INPUT -
++++++++++

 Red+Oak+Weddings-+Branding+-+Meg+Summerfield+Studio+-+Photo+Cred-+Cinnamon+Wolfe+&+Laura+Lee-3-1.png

++++++++++

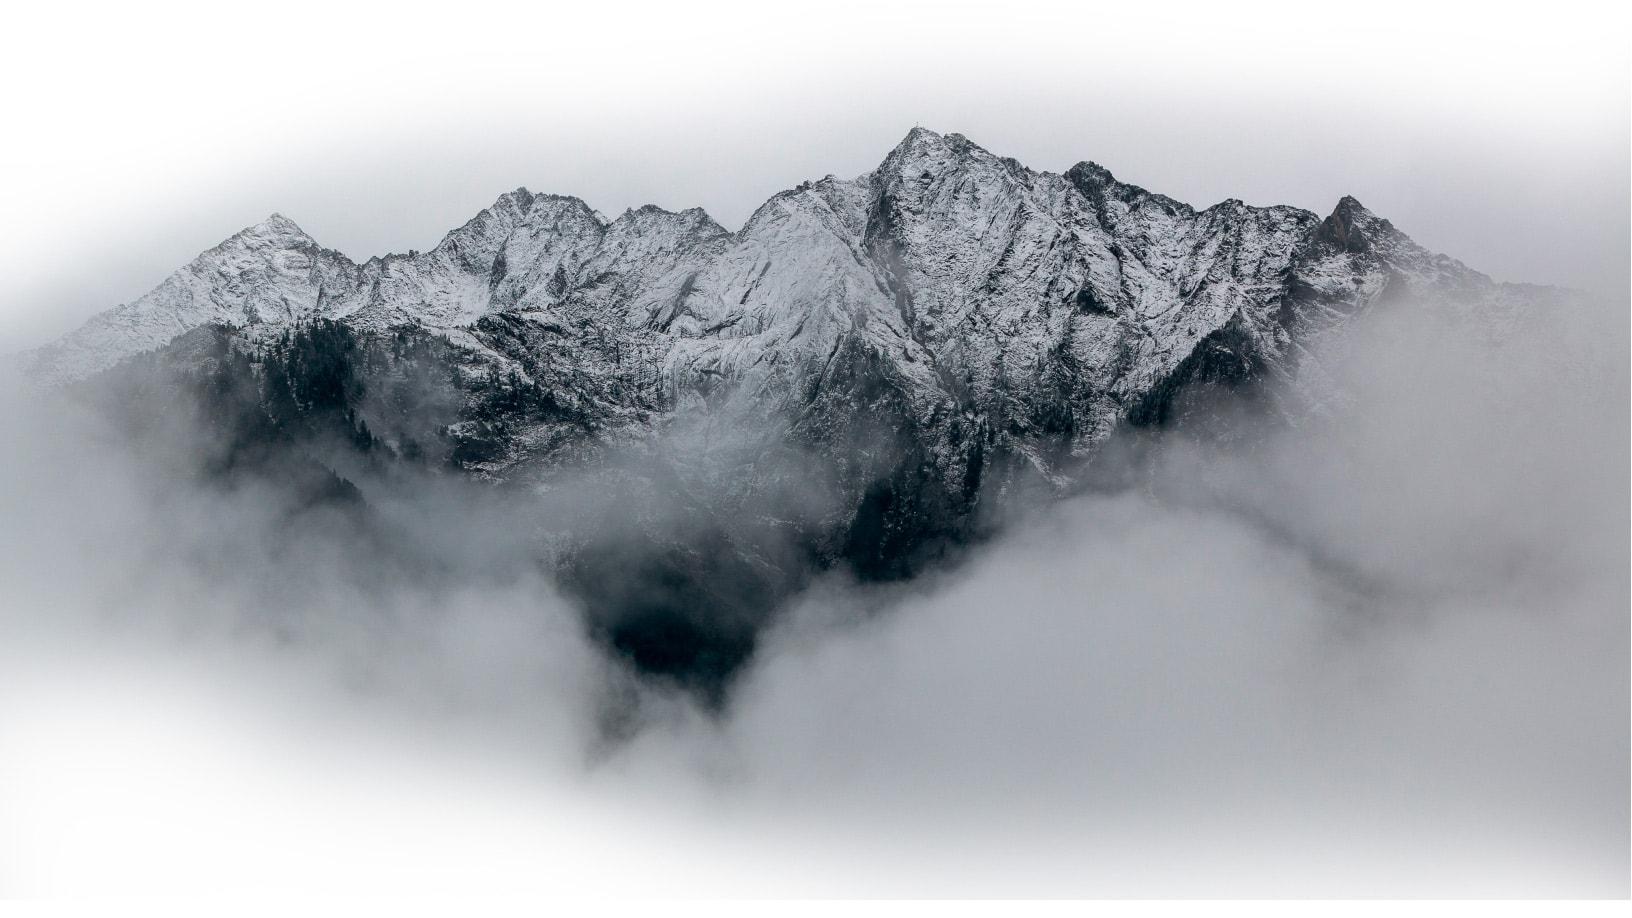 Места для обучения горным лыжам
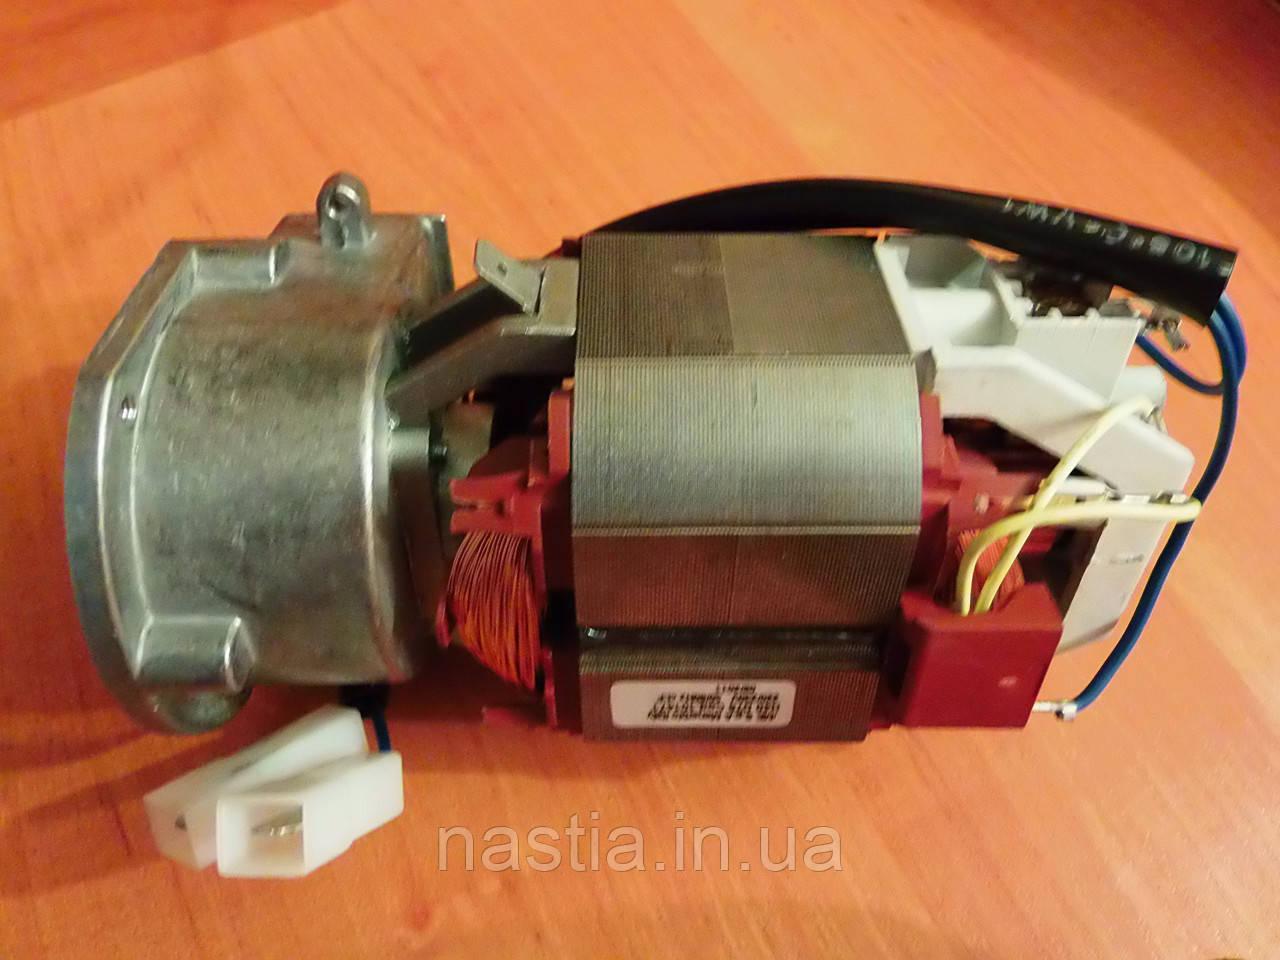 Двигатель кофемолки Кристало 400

++++++++++

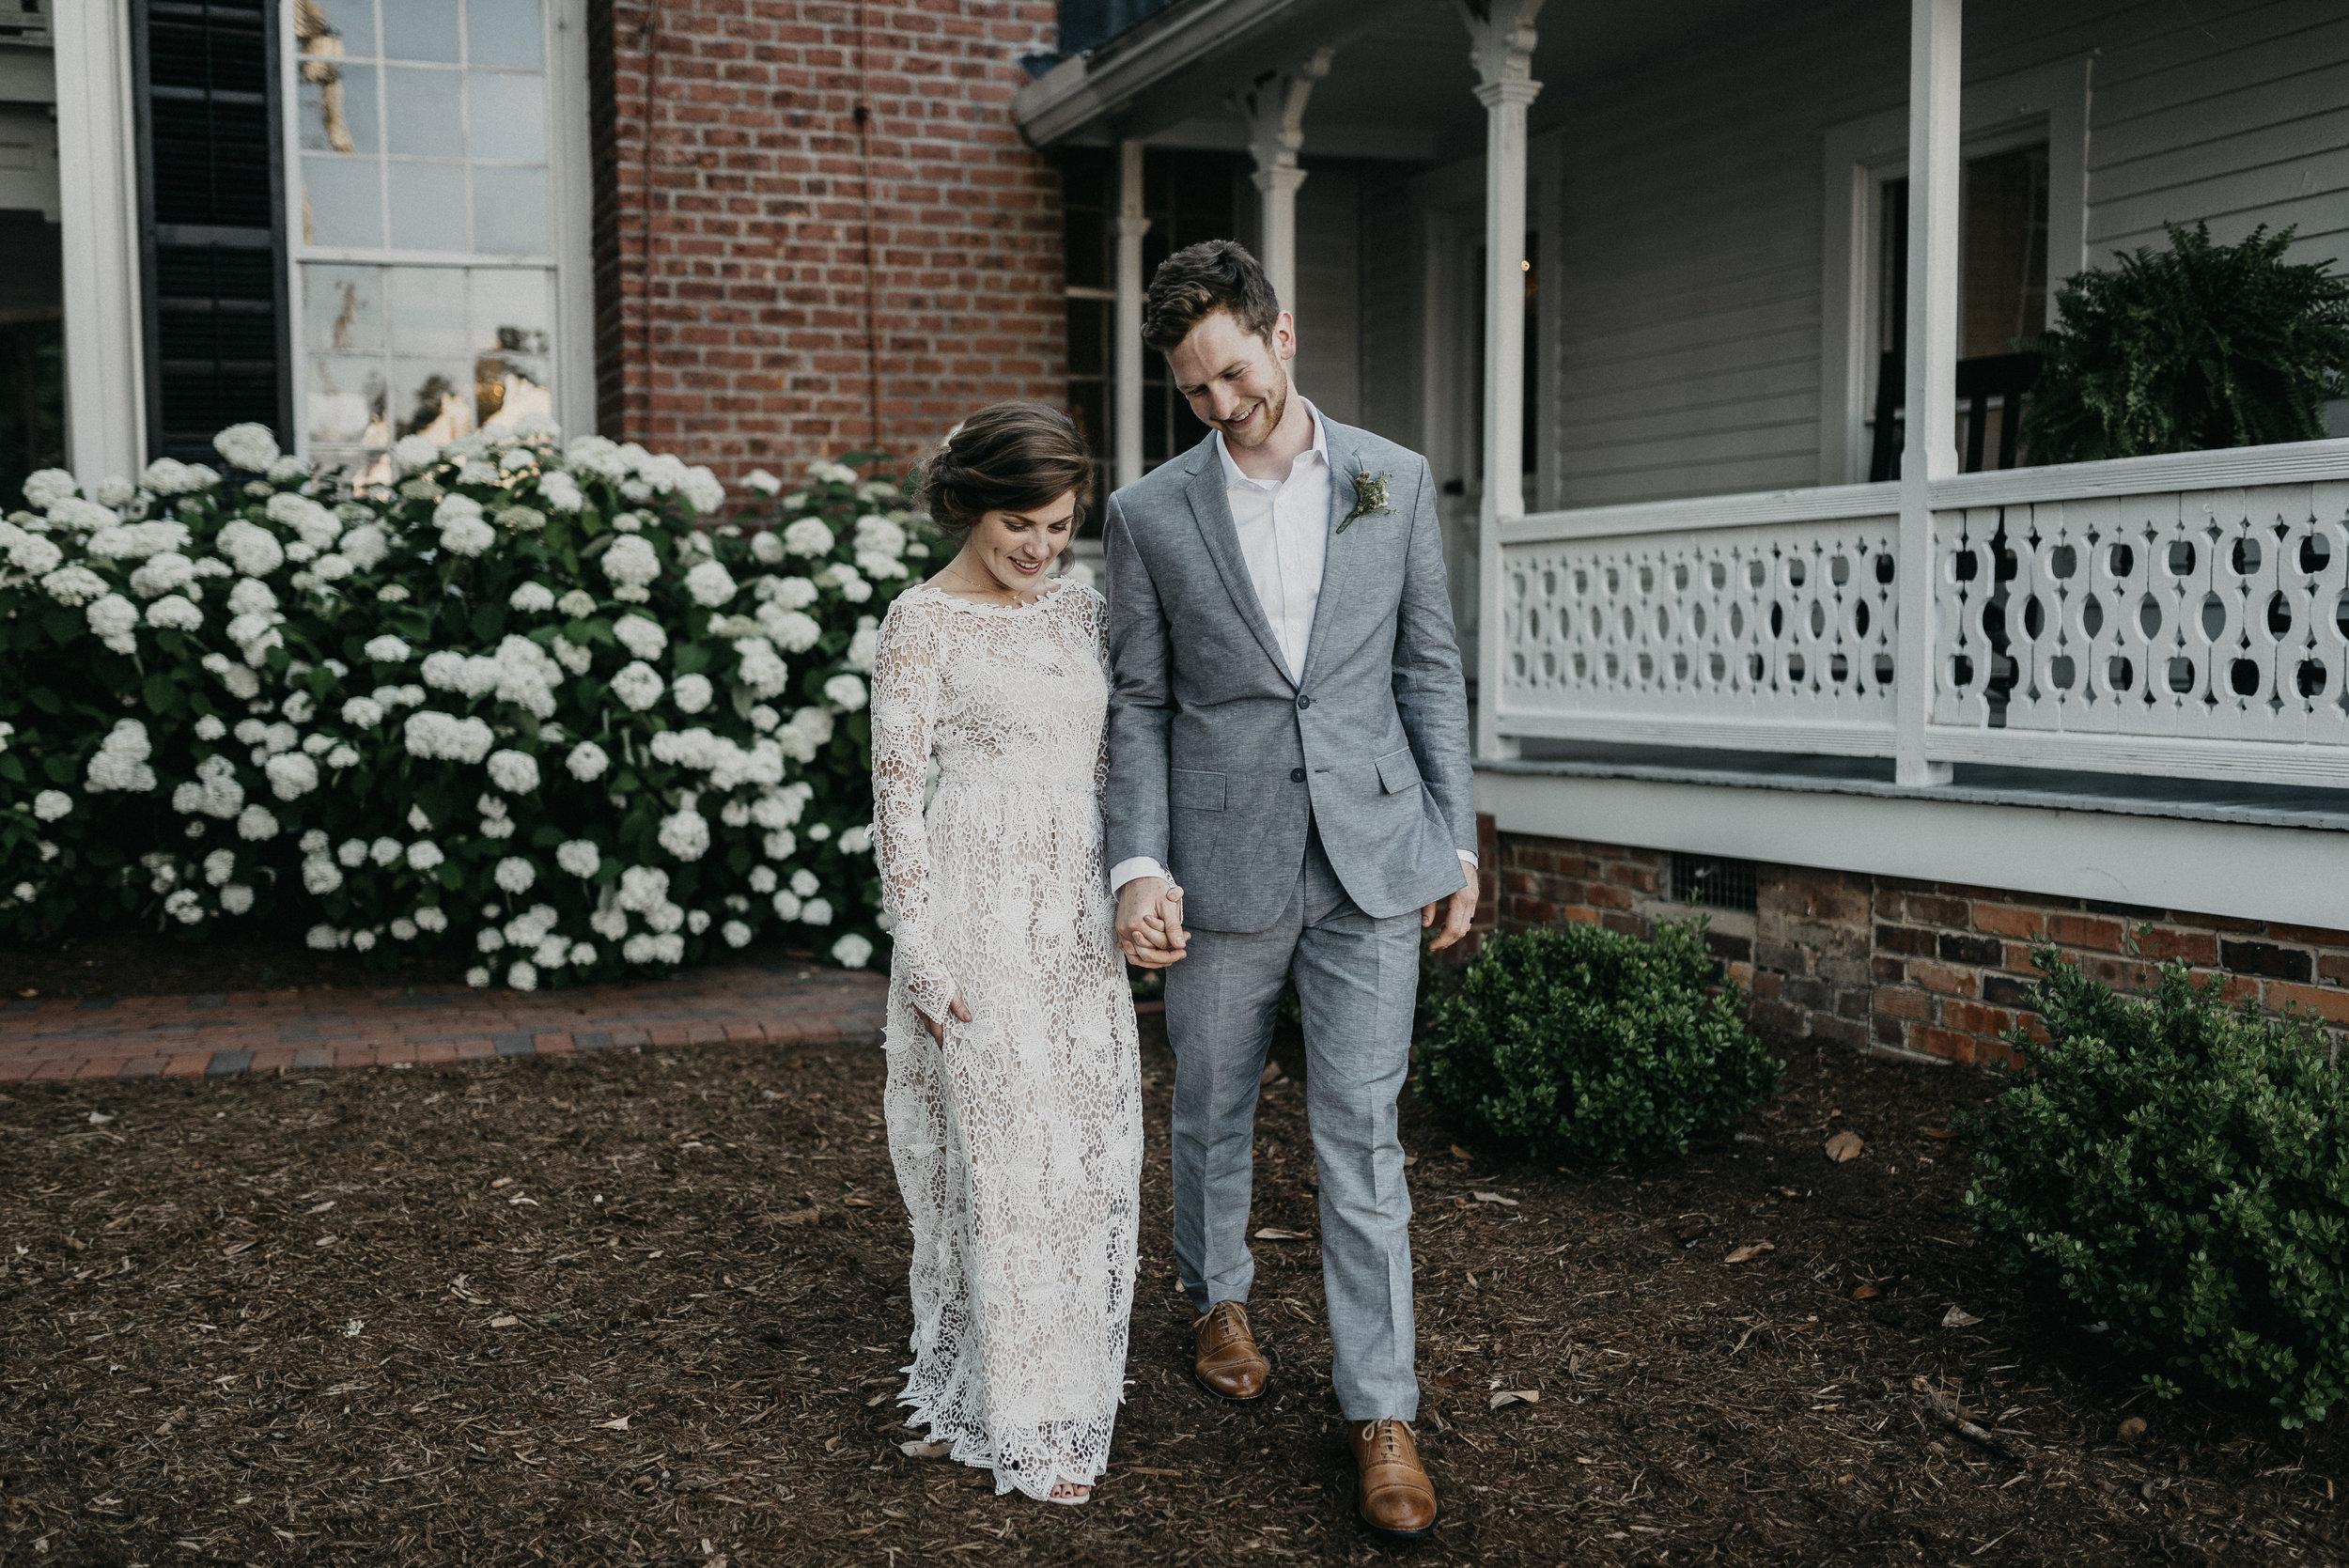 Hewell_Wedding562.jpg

++++++++++

WHAT NEEDS TO BE DONE -
In the records above, copy exactly everything from the line that has "Места для обучения горным лыжам" down to the line that has "Двигатель кофемолки Кристало 400", both ends included, and leave out the pictures.

RESPONSE TO THIS EXERCISE -
 Места для обучения горным лыжам
 Двигатель кофемолки Кристало 400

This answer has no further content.